* _The problem_:
From the first line below to the last, reproduce the material exactly and leave out the images.

* _Available data_:
────────
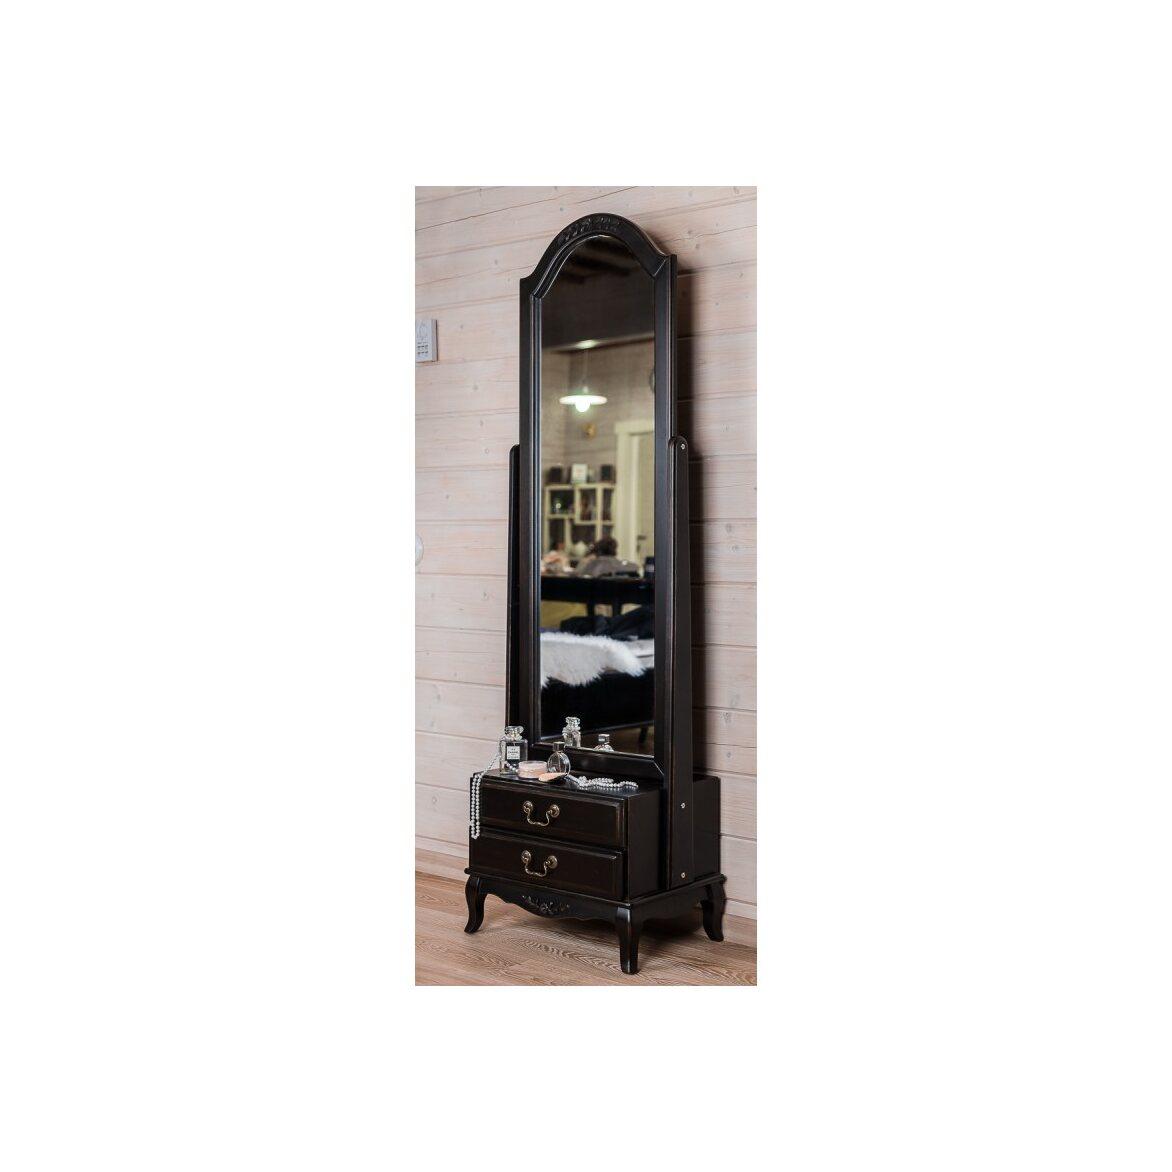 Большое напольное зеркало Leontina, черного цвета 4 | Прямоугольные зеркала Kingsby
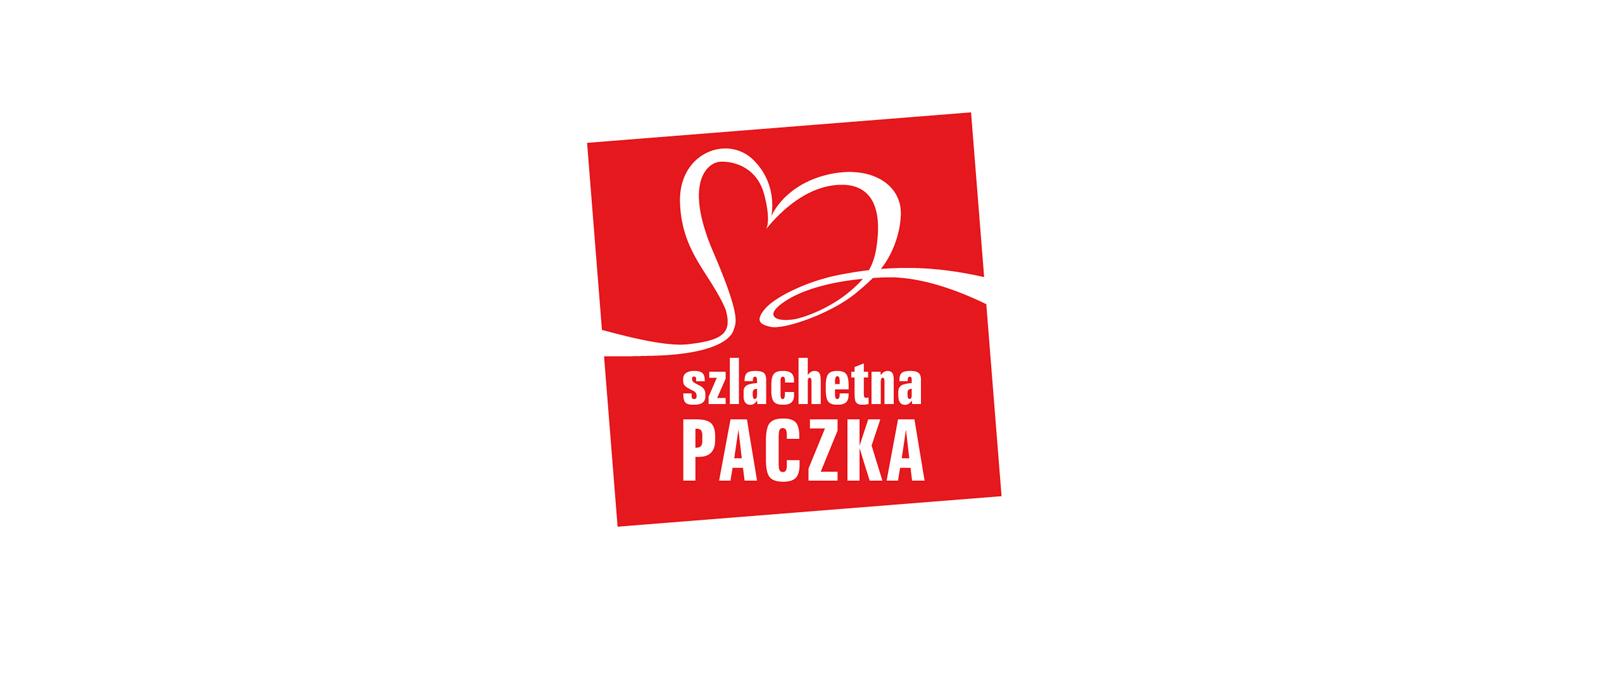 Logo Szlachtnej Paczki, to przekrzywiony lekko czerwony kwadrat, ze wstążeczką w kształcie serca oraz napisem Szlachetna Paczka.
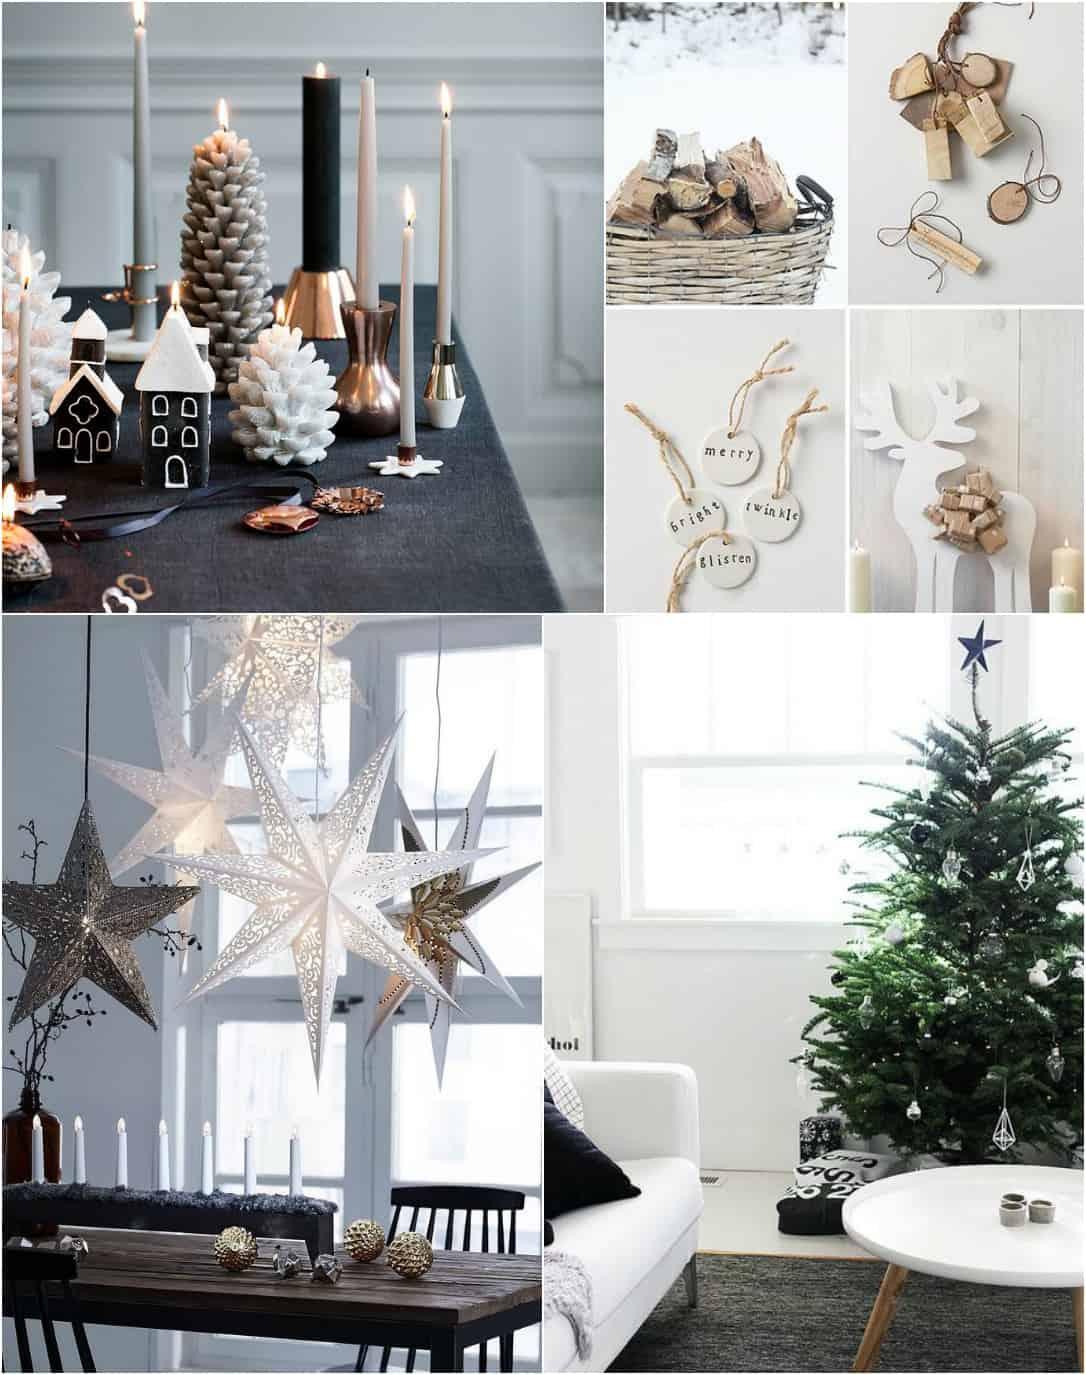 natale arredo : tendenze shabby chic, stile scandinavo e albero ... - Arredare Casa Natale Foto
────────
* _Written answer_:
 Большое напольное зеркало Leontina, черного цвета 4 | Прямоугольные зеркала Kingsby
 Logo Szlachtnej Paczki, to przekrzywiony lekko czerwony kwadrat, ze wstążeczką w kształcie serca oraz napisem Szlachetna Paczka.
 natale arredo : tendenze shabby chic, stile scandinavo e albero ... - Arredare Casa Natale Foto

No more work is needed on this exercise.